Impact of Stress Reduction on Inflammation and Atherosclerosis

Awardee Recipient

  • Ahmed Tawakol, MD

    Ahmed Tawakol, MD

    Co-Director of Cardiovascular MR-PET-CT Program and Director of Nuclear Cardiology, and Associate Professor of Medicine

    Massachusetts General Hospital and Harvard Medical School

    Ahmed Tawakol is Director of Nuclear Cardiology and Co-Director of the Cardiac MR PET CT Program at the Massachusetts General Hospital (MGH). He is Associate Professor of Medicine at Harvard Medical School.  He obtained his medical degree from...


  • 2018 - Pilot Grant

Background and Significance

Cardiovascular Disease (CVD) remains a significant cause of morbidity and mortality in the United States and worldwide.(1,2) Psychosocial stress has long been linked with increased risk for atherosclerosis and CVD events.(3-5) Moreover, after correcting for risk factors, stress has an attributable risk that is on par with that of other major cardiovascular risk factors, including smoking and diabetes (3,4). However, until relatively recently, the mechanistic link between chronic stress and CVD was not well-characterized in humans.

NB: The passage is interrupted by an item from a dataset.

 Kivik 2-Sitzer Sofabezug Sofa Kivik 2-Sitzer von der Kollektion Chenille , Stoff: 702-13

Inflammation is an important feature of both stress and atherosclerosis. Atherosclerosis is driven by active inflammation that results in monocyte migration to the vessel wall.(6,7) Animal studies suggest that stress, through stimulation of sympathetic nerves that terminate in the bone marrow, prompts increased production and release of inflammatory cells that subsequently increase arterial inflammation, a key pathobiological stimulus for progression of CVD. (8-10) Likewise, human studies repeatedly linked stress to increased levels of inflammatory markers (11-14). However, an observation of a neural-hematopoietic-arterial link was only recently observed in humans.

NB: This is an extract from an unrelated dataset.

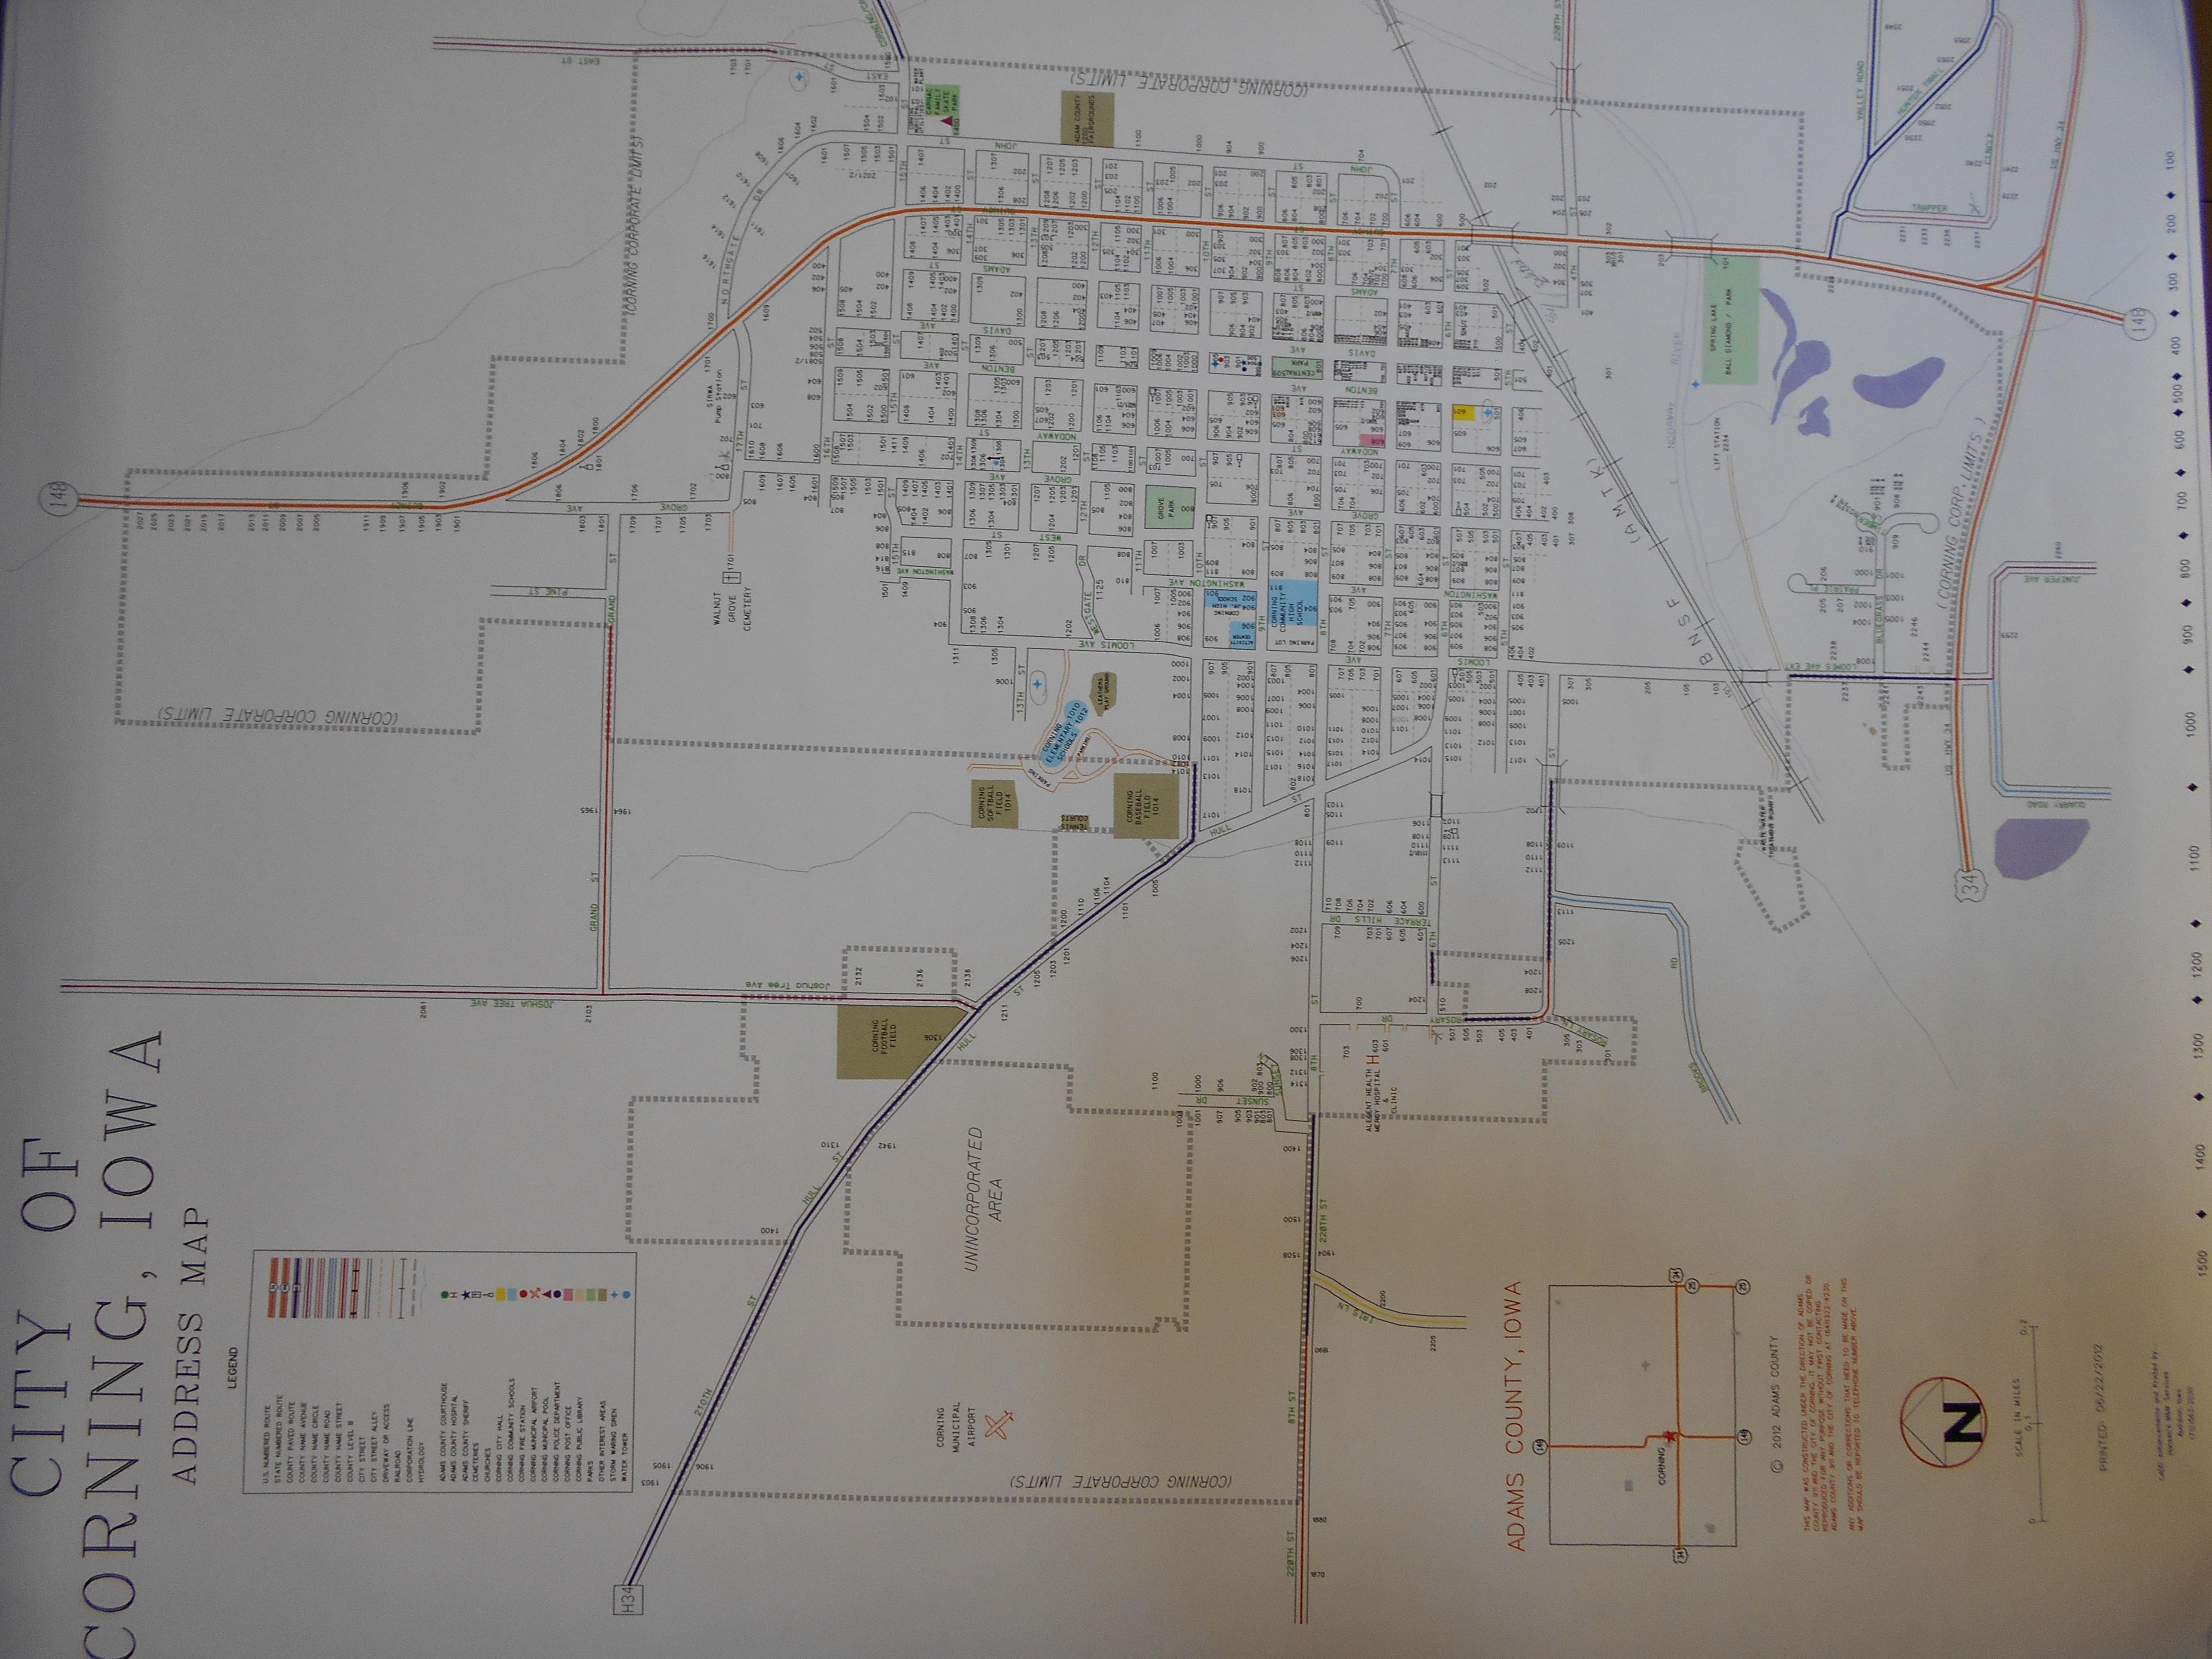 City of Corning Maps   City of Corning, Iowa

Our group recently employed advanced imaging techniques to gain insights into the link between stress and CVD in humans. The amygdala links higher-level processing of anxiety and stress with physiologic responses in the body. High resting amygdalar metabolic activity, which associates with self- reported stress and anxiety (15), can be assessed by amygdalar uptake of radiolabeled glucose [18fluorodeoxy-glucose (FDG)] detected using positron emission tomography (PET). In a landmark study of 293 individuals, published recently in the Lancet (15), we demonstrated that resting amygdalar activity (by FDG-PET/CT) robustly predicts future CVD risk; each standard deviation increase in the amygdalar signal independently associated with a 60% increase in future CVD risk. Further, we observed that the link between amygdalar activity and CVD was mediated by upregulated bone marrow activity and increased arterial inflammation in series (figure 1). Accordingly, the recent work suggests that stress may link to CVD through upregulation of an amygdalar-hematopoietic-arterial axis.

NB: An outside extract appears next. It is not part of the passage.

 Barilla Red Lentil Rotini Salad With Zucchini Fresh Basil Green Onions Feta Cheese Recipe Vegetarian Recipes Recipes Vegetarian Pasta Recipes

Stress reduction (SR), reduces perceived stress,1(6,17) systemic inflammatory biomarkers (e.g., CRP, IL-6, etc.),(18-21) gene expression related to the inflammatory response,(18,22) and parameters of metabolic health.(23) Furthermore, meditation and stress reduction may reduce carotid intimal medial thickness and clinical events in individuals with CVD when implemented with usual care.(24,25) Moreover, SR has been shown to alter brain structure and function, including reductions in amygdalar grey matter density and amygdalar activation in response to emotional stimuli in a non-meditative

state. (26,27) However, a key knowledge gap remains: whether reduction of chronic stress will attenuate amygdalar-hematopoietic-arterial activity. Indeed, the question of a possible beneficial effect of stress reduction on CVD (and the mechanism mediating that benefit) were recently highlighted as key questions in a recent American Heart Association (AHA) consensus statement.(28) Accordingly, herein, we propose to take the natural next step to study these gaps. Our central hypothesis is that stress reduction reduces stress- associated neural activity and systemic inflammation, resulting in reduced arterial inflammation. We propose a pilot study to test the hypotheses that SR results in a reduction in arterial inflammation (compared to usual care) and that the reduced arterial inflammation is the result of a reduction in amygdalar-hematopoietic activity, in series. To test these hypotheses, we will leverage an NIH program project grant investigating associations between stress-related neural activity, immune system activation, and arterial inflammation, in 240 individuals who will be undergoing PET/magnetic resonance (PET/MR) imaging. Subjects will undergo full psychometric analysis, along with cutting- edge body and brain PET/MRI, brain functional MRI, and inflammatory biomarkers. The current proposal represents a longitudinal extension of that project, wherein individuals with moderate baseline stress and evidence of increased arterial inflammation (N=21) will be randomized to an 8-week stress reduction program (vs. usual care).